Repeat the listing below in full and exactly, but without its pictures.

BEGIN Stored data

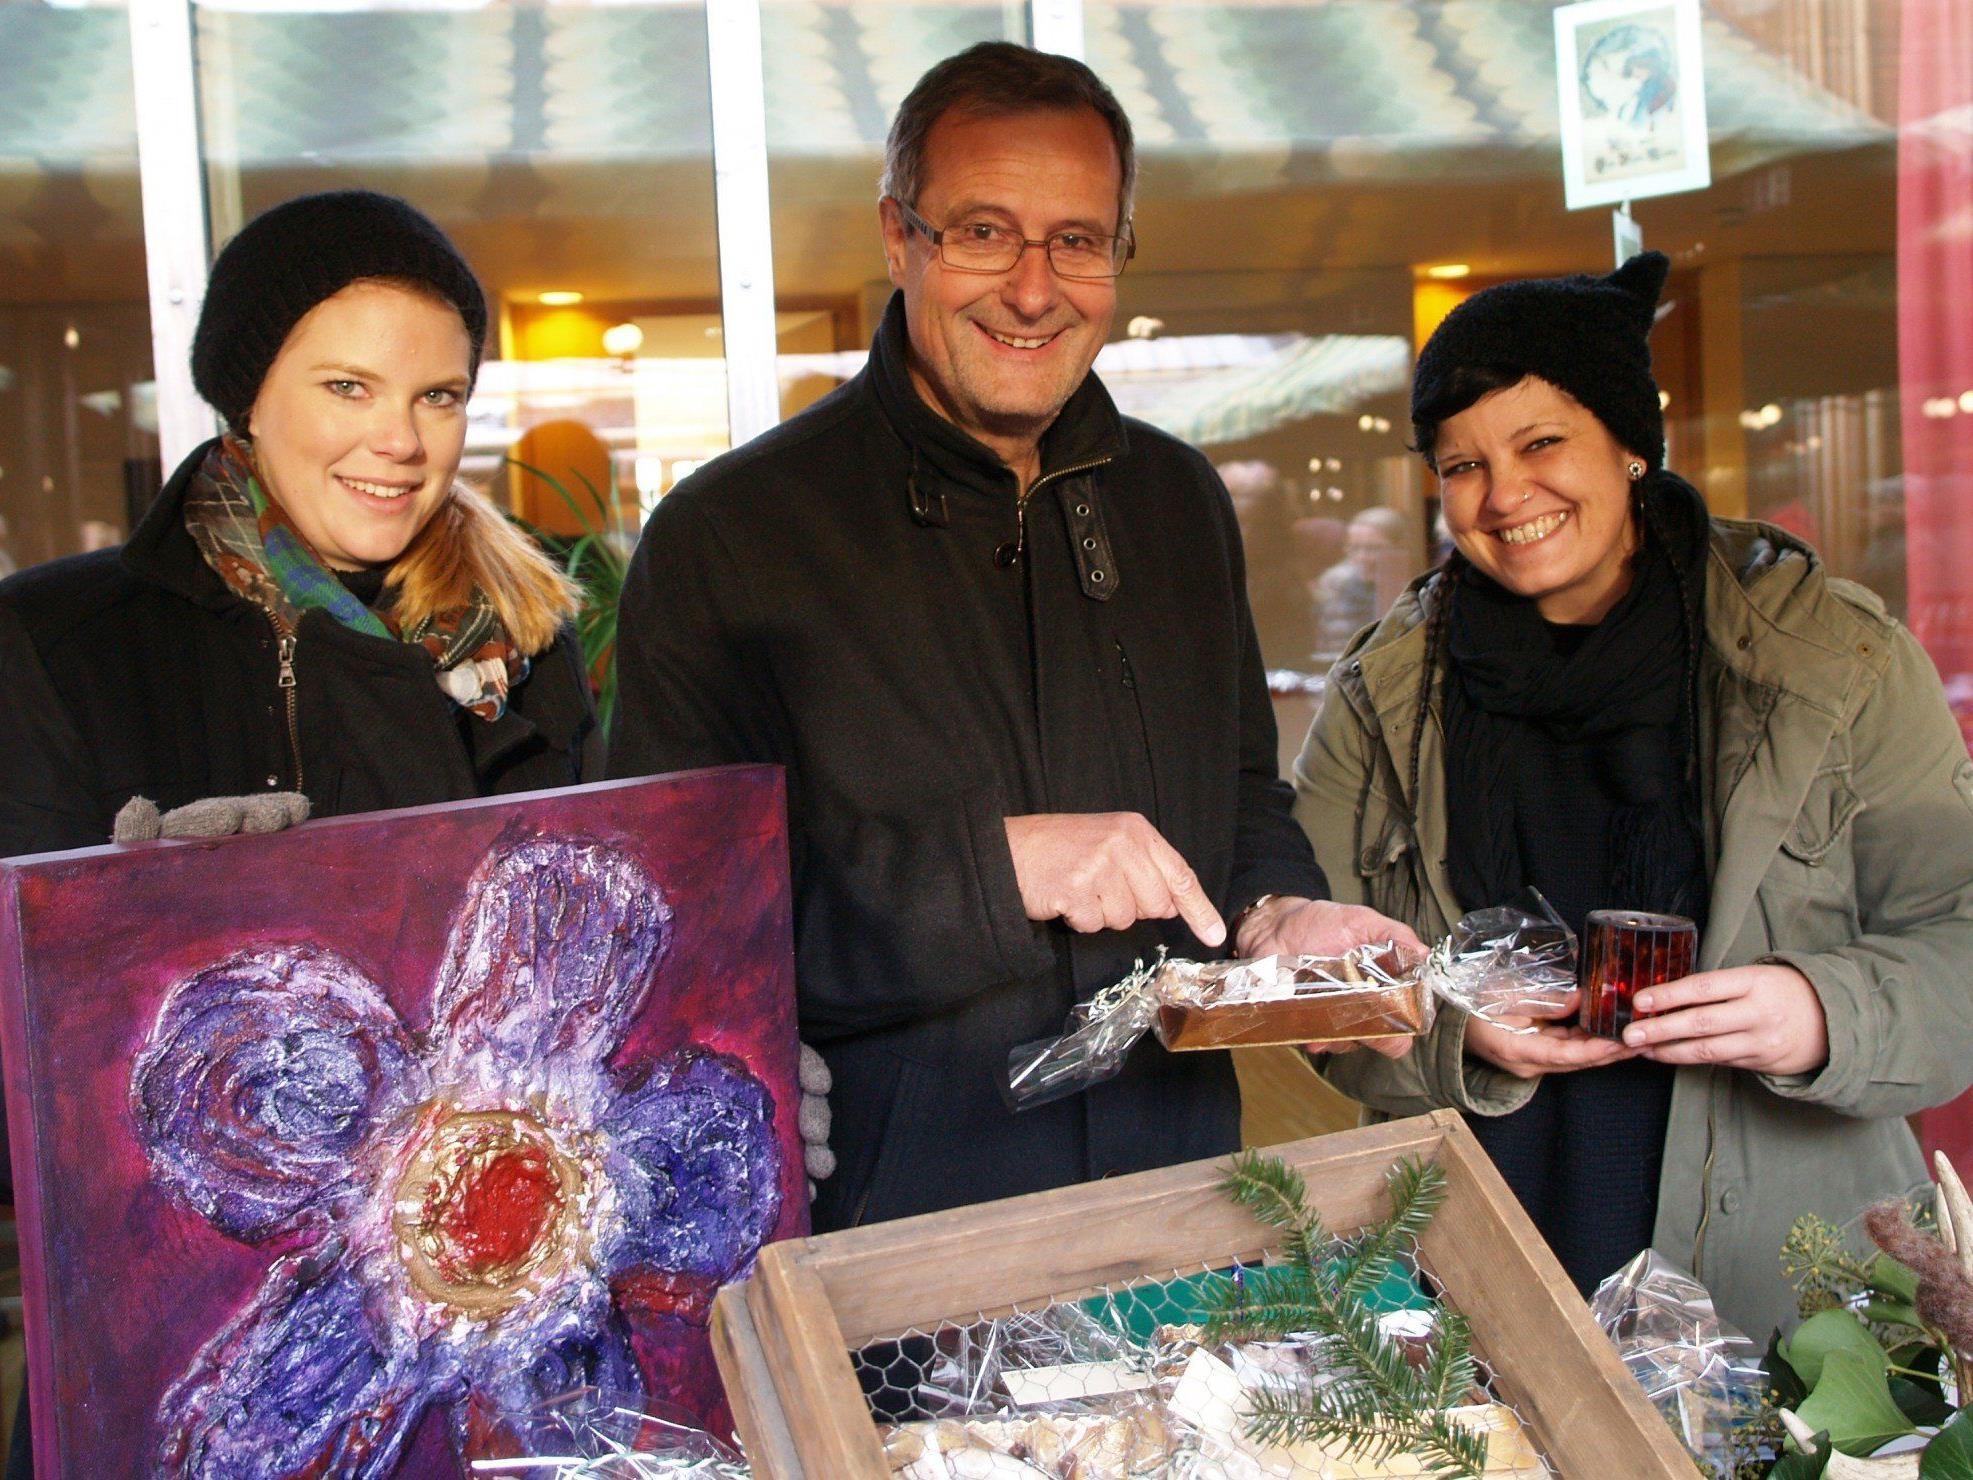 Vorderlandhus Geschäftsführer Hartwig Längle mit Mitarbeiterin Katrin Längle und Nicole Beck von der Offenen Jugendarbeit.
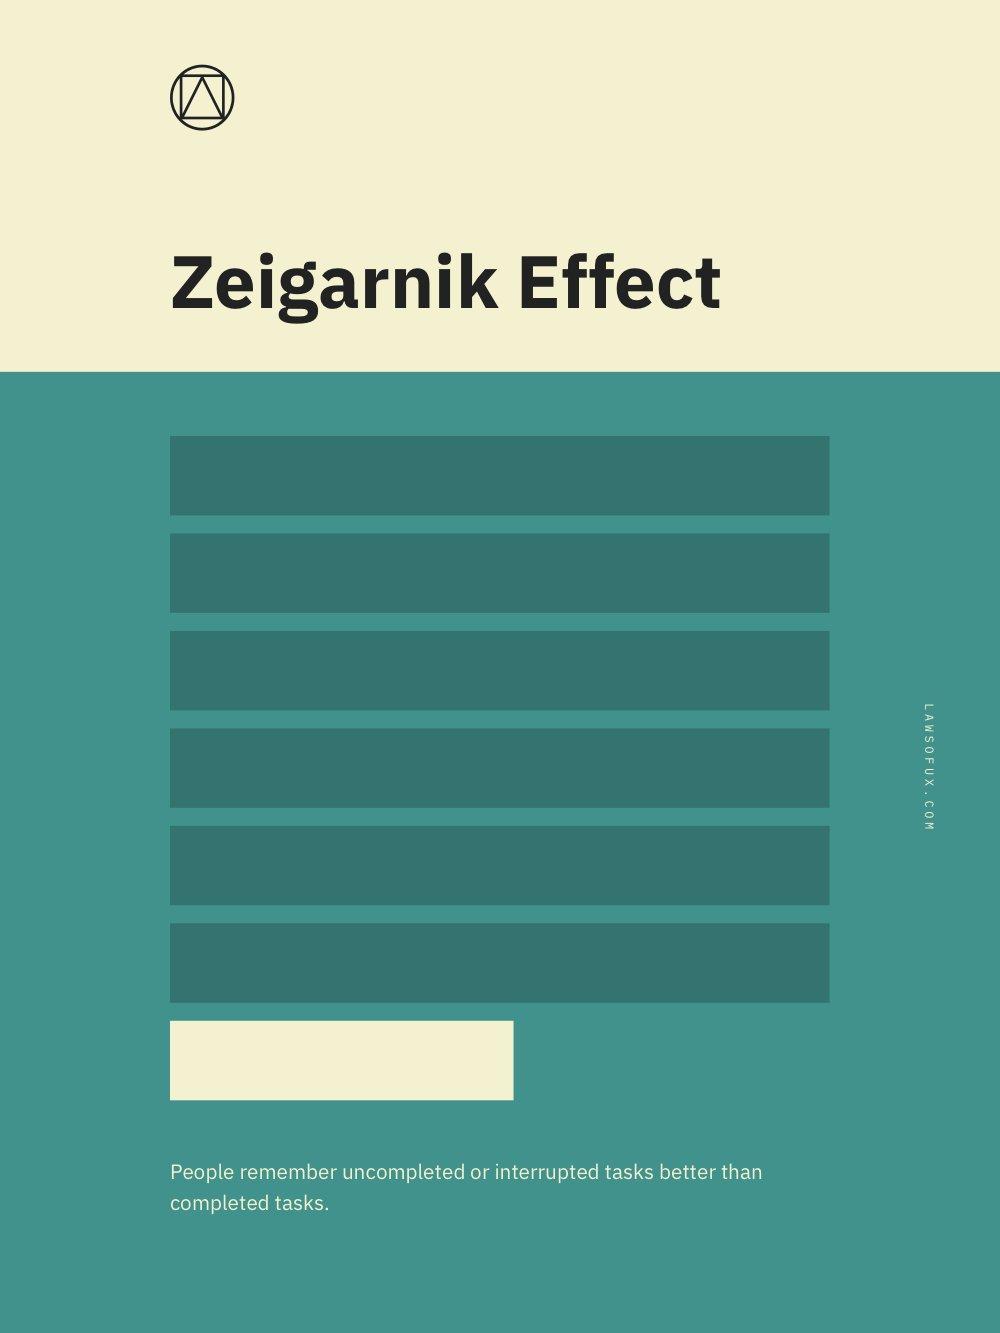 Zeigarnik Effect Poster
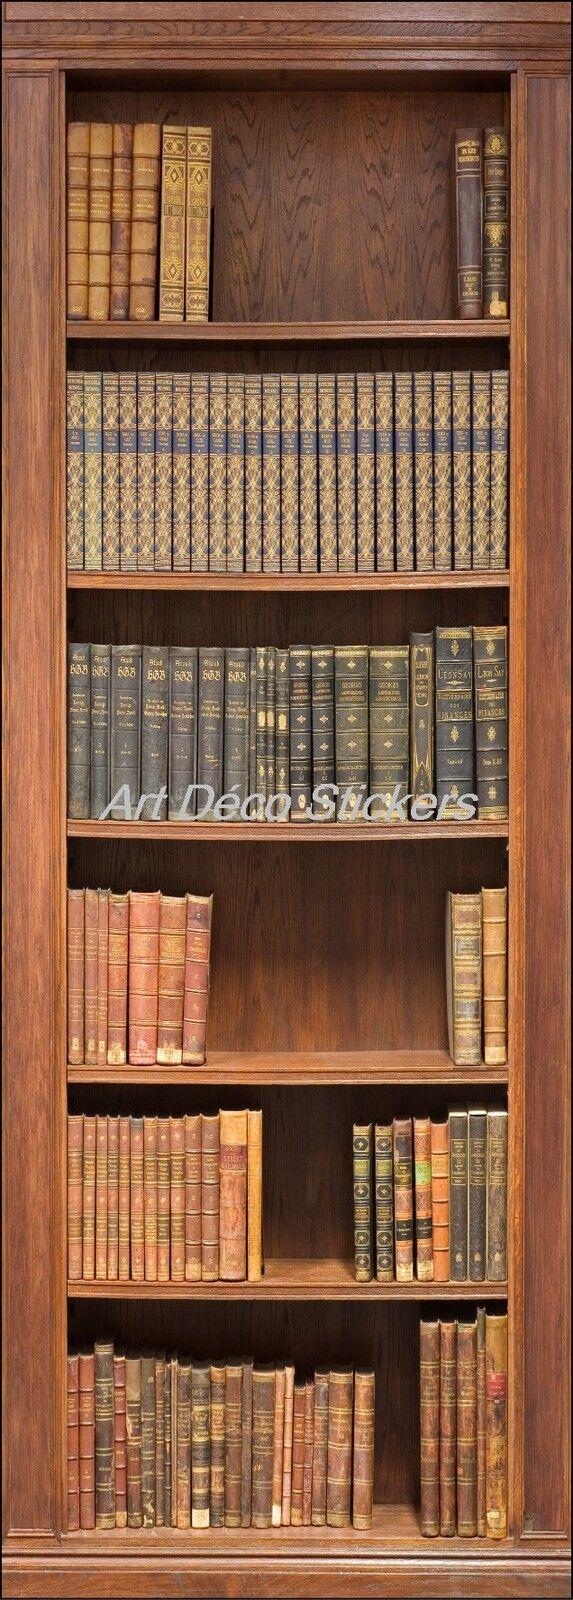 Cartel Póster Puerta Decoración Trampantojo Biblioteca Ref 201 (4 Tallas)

END Stored data

Solution for this problem
 Vorderlandhus Geschäftsführer Hartwig Längle mit Mitarbeiterin Katrin Längle und Nicole Beck von der Offenen Jugendarbeit.
 Zeigarnik Effect Poster
 Cartel Póster Puerta Decoración Trampantojo Biblioteca Ref 201 (4 Tallas)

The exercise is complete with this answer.